Best Practices for Archiving an Artistic Legacy in the Digital Era

Developing a digital archiving strategy is essential for any practicing artist or nonprofit arts organization, however it is something that also demands significant resources such as money, time and specific knowledge.

The Machinery team sat down with Hélène Brousseau, librarian at Artexte, in order to help demystify this complex subject and to help attempt to bring it from the peripheries of our organizations and instead closer to their centre.

Machinerie : To start things off, why would you say having a digital archive and classification strategy is so important for an artist or nonprofit organization?

Hélène : I would say that investing time in digital archiving makes life a lot easier in the day-to-day operations of an organization. Overall it helps you organize your documents, create a classification system of these documents and obtain a sense of consistency in your work. Normally it involves more theoretical solutions like applying naming conventions to your documents or having a classification scheme so you know where your different files are located. These solutions can be applied to any situation, and they don’t rely on a software or a company that costs money.

At its crux, archiving comes down to the question of what legacy you, as an artist or nonprofit organization, are leaving to the milieu in which you are working. Essentially, if you are unable to go back in the past through your archives then you are not leaving a legacy of your organization for the future.

Machinerie : I was surprised to learn of the legal obligations that are involved with maintaining a digital archiving system. Could you talk a little bit about that?

Hélène : There are only a few legal obligations with respect to archiving, which mainly concern human resources and financial documents. For financial documents you have to keep them for a period starting from the fiscal period you are in plus six years after that. For human resources you have to keep the documents for much longer, which I think is sometimes a surprise for people. In the cultural sector we end up working in so many different places and we are not always thinking that far down the line, though at the same time it is artists and cultural workers who are the most at risk in the end because when they retire they may not be able to identify all the income that they have received over the years, which will affect their ability to receive an accurate pension later on in their life.

I know that sounds very disconnected, because to us the concept of retirement seems so far away, but it is something that is important to address because in this system artists are already generally living in poverty. It is something I think we do our best at, but regardless it is good to remind ourselves that there is this obligation to keep those records. The baseline rule would be to keep an employee’s record of employment for a period of 75 years, so if you have someone that was employed by your organization at the age of 20, when you add 75 years to that you more or less account for the maximum lifespan.

Machinerie : What would you say people most misunderstand about digital archives?

Hélène : I think people often put a lot of faith in their capacity to use keywords to find what they are looking for and I also think that they may have a lot of skepticism towards putting in place a classification scheme and to having a rigid structure. I think that generally-speaking people often underestimate how much value there is in having a classification system and in taking the time to stick to it.
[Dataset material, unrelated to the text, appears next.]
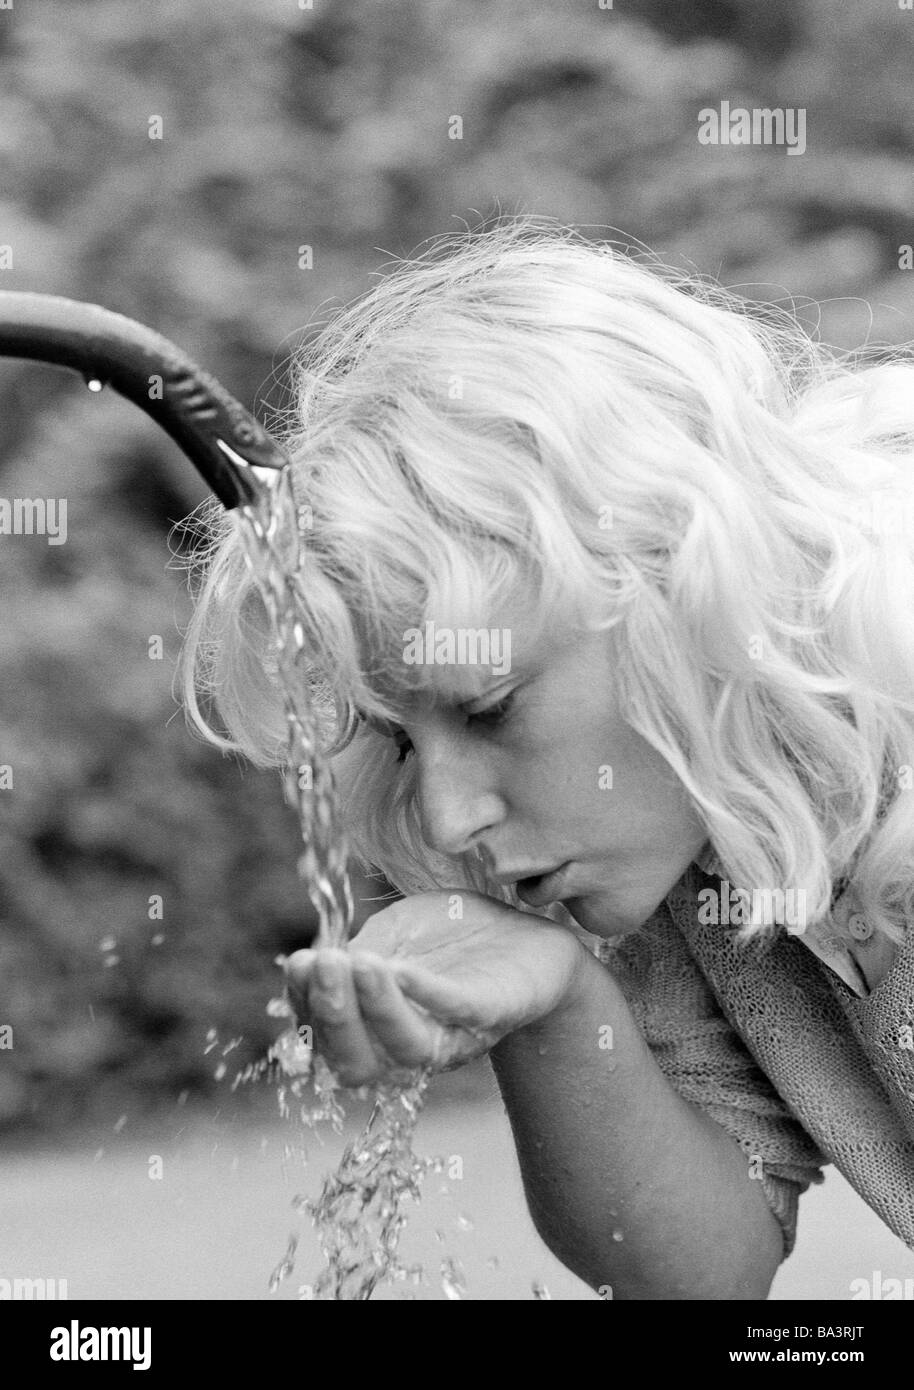 Achtziger Jahre, Menschen, junge Frau trinkt Wasser von einem, Brunnen, Abkuehlung Portraet Erfrischung, blondhaarig, et Elisabeth Banque D'Images

We have a lot of faith in the Google search method, which encourages us to simply type in a few keywords to find the answer that we’re looking for. I think some people feel that it’s going to be an extremely difficult task to put this kind of system in place, but actually when you get into it, it can become quite fun to see everything start to fall together and make sense.

It seems to me that we are often reporting on exhibitions or productions and how many people attended, but if we also added one line about digital archiving it would highlight the importance of doing this work. Archiving is something that takes a lot of time and investment and it has value for what is going to be left afterwards -- especially for cultural organizations.

Machinerie : I have heard that our digital files could have an impact on the environment. Would you be able to elaborate on that?

Hélène : Yes, in fact the last time I gave my workshop in Laval (a few weeks ago) was the first time I introduced this idea of the impact your digital archive management can have on the environment. At some point, even if the information is digital, there is a machine that is storing it somewhere in the world, and even if it is on Google somewhere, we don’t have an idea of how many times they have the information in order to make sure that they preserve it. If you have gone through all your files and deleted what is redundant, enabling you to filter through what has value and what does not, then you eliminate a lot of documents that actually have an environmental impact. It’s not like with paper where if it is in a box somewhere it’s just sitting there and it doesn’t have an additional impact, but with information on the cloud or with your email, it is always being maintained so it always has an impact — even if just a small one.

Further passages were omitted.